Per la squadra di Lucescu e per la Macedonia, allora, il ripescaggio potrebbe essere cruciale. «Sarebbe un’occasione d’oro», dice Alili con entusiasmo «Se il Mondiale fosse quello di un tempo e se la strada per qualificarsi fosse quella di qualche anno fa, oggettivamente la Macedonia non avrebbe mai l’occasione di arrivarci. Mentre con questa nuova formula possono aprirsi degli spiragli». Come mi fa notare, la Macedonia è l’unica delle nazioni dell’ex Jugoslavia, insieme al Montenegro, a non aver partecipato ad un Mondiale. L’edizione del 2026 sarebbe l’occasione perfetta per farlo: «Negli Stati Uniti e in Canada c’è una fortissima migrazione macedone, quindi sarebbe una festa incredibile, soprattutto a New York e Detroit, i poli in cui c’è il maggior numero di immigrati macedoni. Immagino che una partita a New York o a Detroit sarebbe una bolgia, perché sono pur sempre balcanici».
Del resto, la Nations League aveva già permesso alla Macedonia di ottenere quello che fino ad ora è il risultato più importante della sua storia: la qualificazione a Euro 2020, guadagnata dopo aver disputato gli spareggi contro la Georgia in qualità di prima in classifica del proprio gruppo nella Lega D dell’edizione 2018/19.
È evidente, quindi, quanto la Nations League abbia rappresentato un’opportunità per le Nazioni più piccole, non solo per accumulare vittorie e migliorare sul campo, ma anche per ragionare in ottica futura e sognare la qualificazione a un grande torneo. Per adesso sembra anche scongiurato il rischio di squadre intenzionate a "tankare" per retrocedere in una lega più bassa, vincere il proprio girone e quindi garantirsi possibilità extra di accedere a Europei o Mondiali.
A questo punto, però, la UEFA dovrebbe affrontare la sfida più importante di tutte, quella di rendere davvero sostenibile la manifestazione. È chiaro che senza la partecipazione della FIFA non è un obiettivo raggiungibile.

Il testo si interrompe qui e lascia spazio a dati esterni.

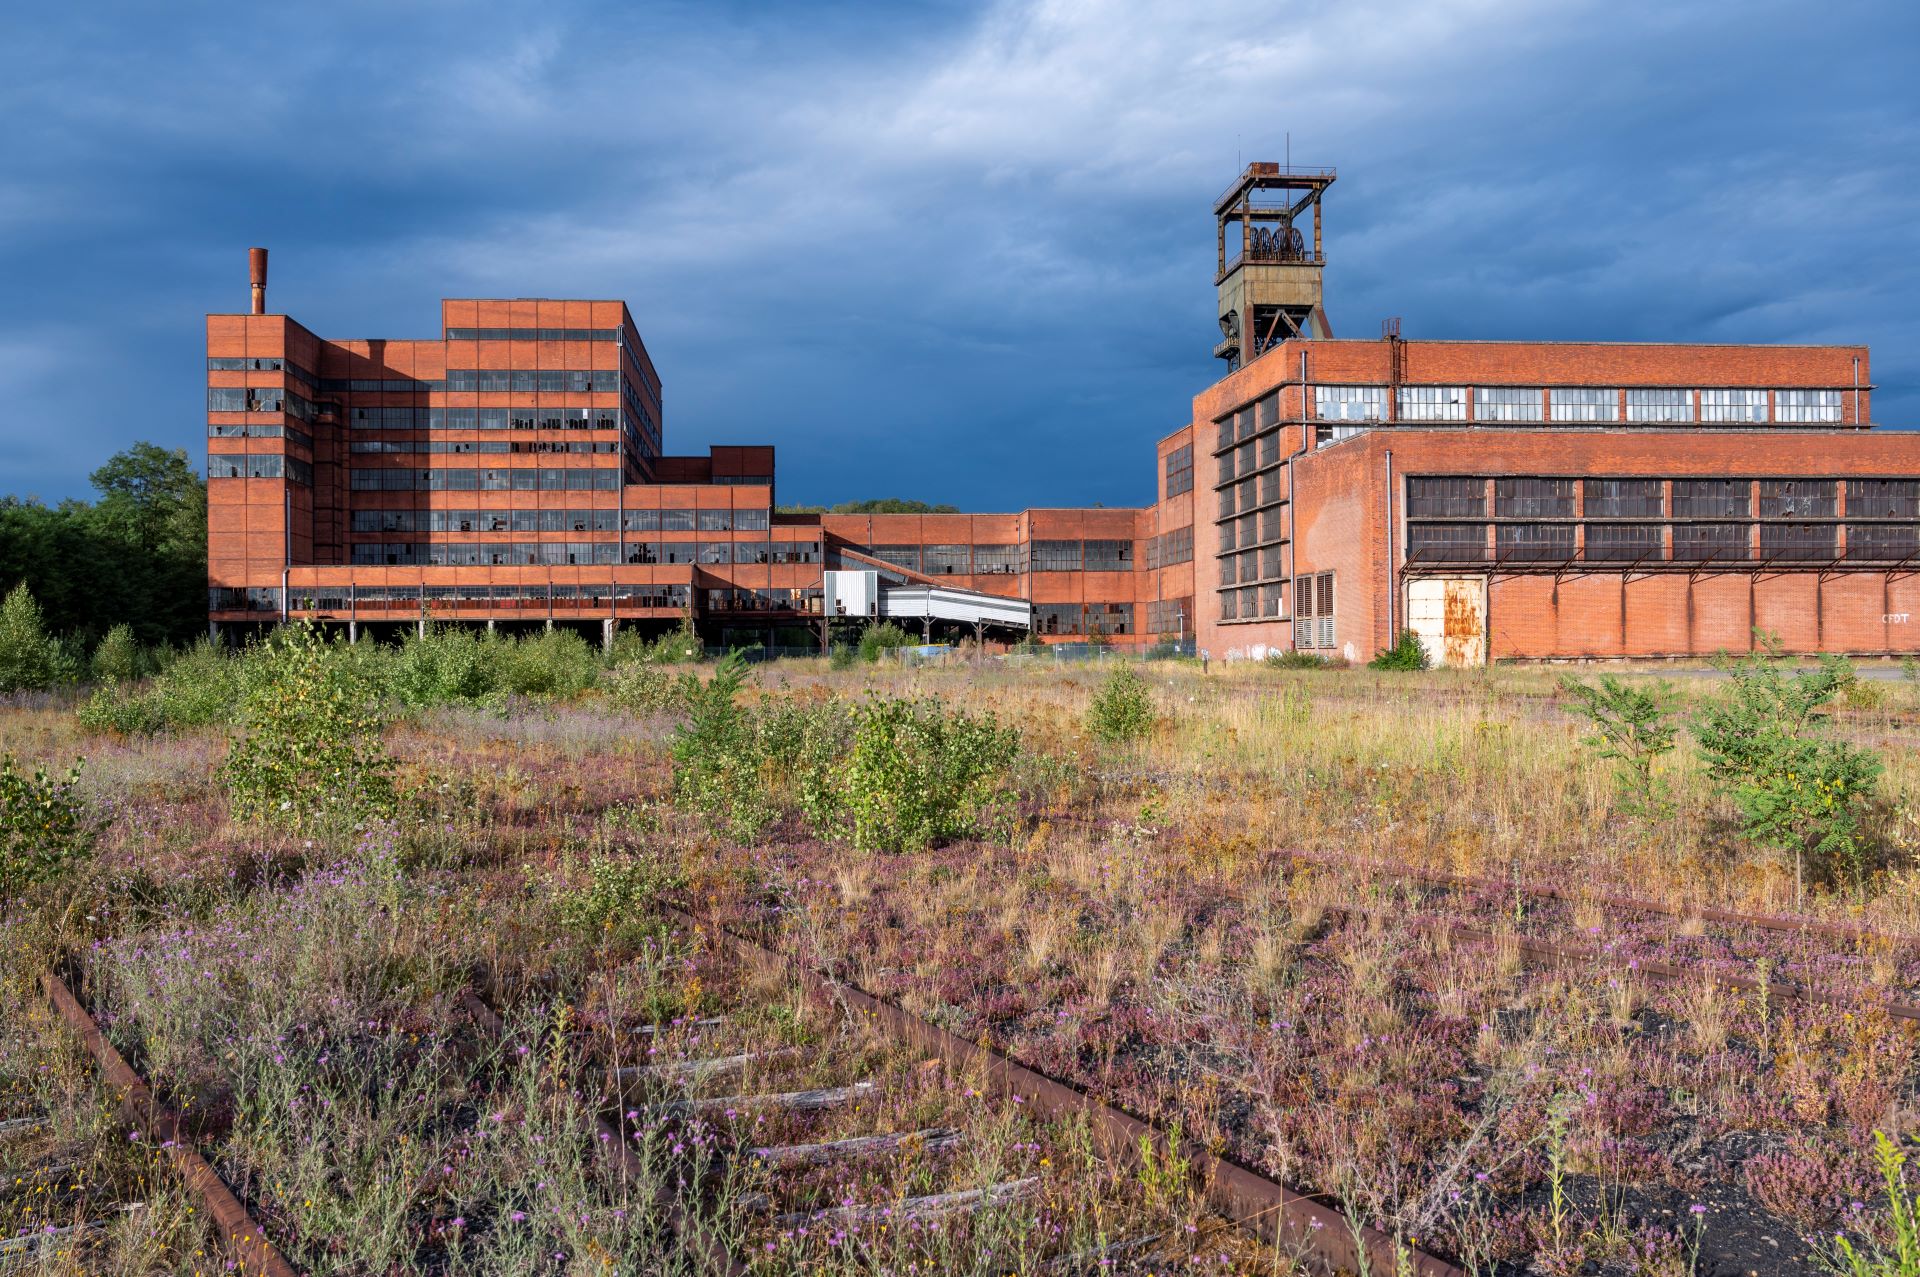 Lorsque le ciel s'assombrit et se couvre, les bâtiments de l'ancienne mine se distinguent par leur couleur rouge-brun.
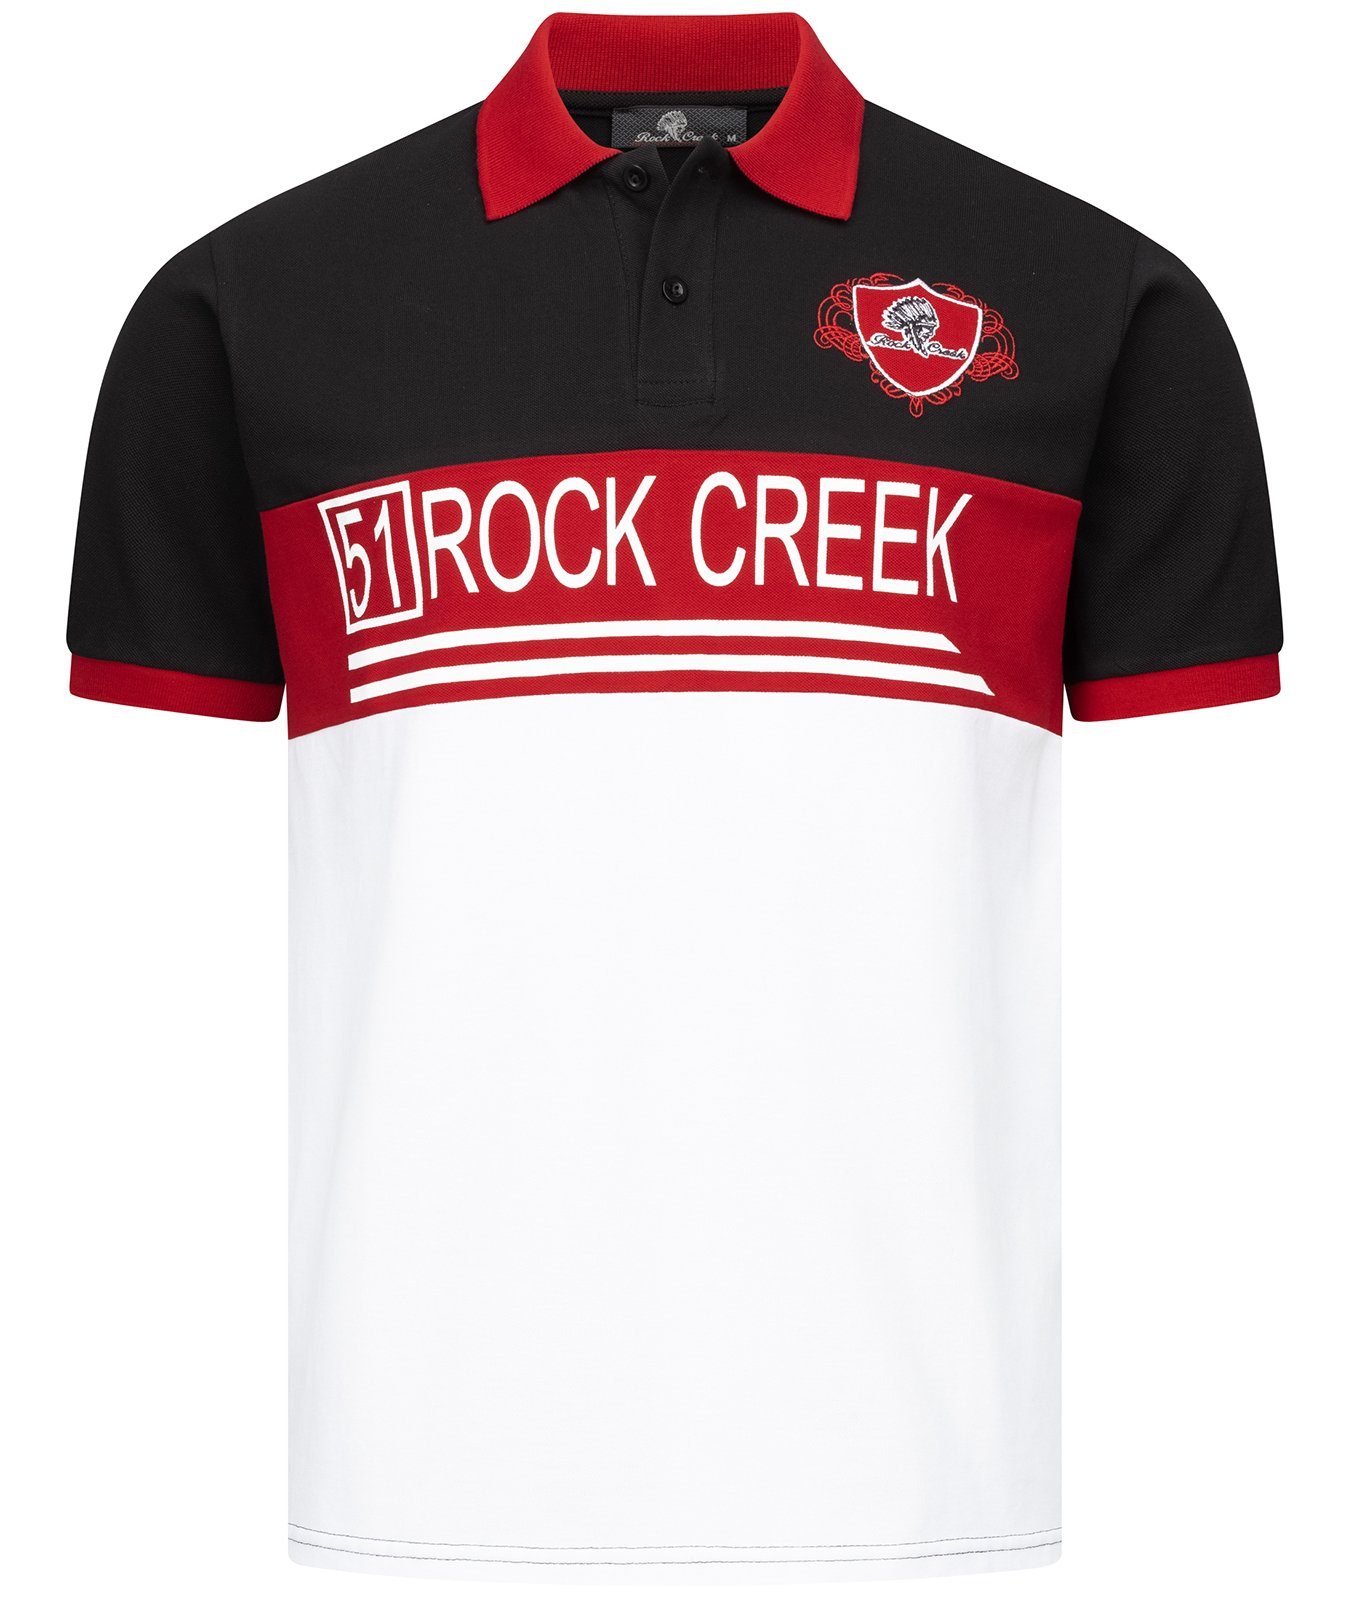 Rock Creek Poloshirt Herren T-Shirt mit Polokragen H-306

L’allargamento del Mondiale segue l’allargamento delle coppe europee e, prima ancora, quello degli Europei. Come se non bastasse, il nuovo Mondiale per Club aggiungerà ulteriori partite. La formula per bilanciare inclusività e un numero congruo di incontri non è stata ancora trovata. Per i giocatori, a ogni livello, rappresentare il proprio Paese è un orgoglio, ma al contempo è sempre più urgente la richiesta di alleggerire il calendario. Viene da pensare, però, che la Nations League possa essere meno colpevole rispetto ad altri eventi che non hanno nemmeno i suoi meriti.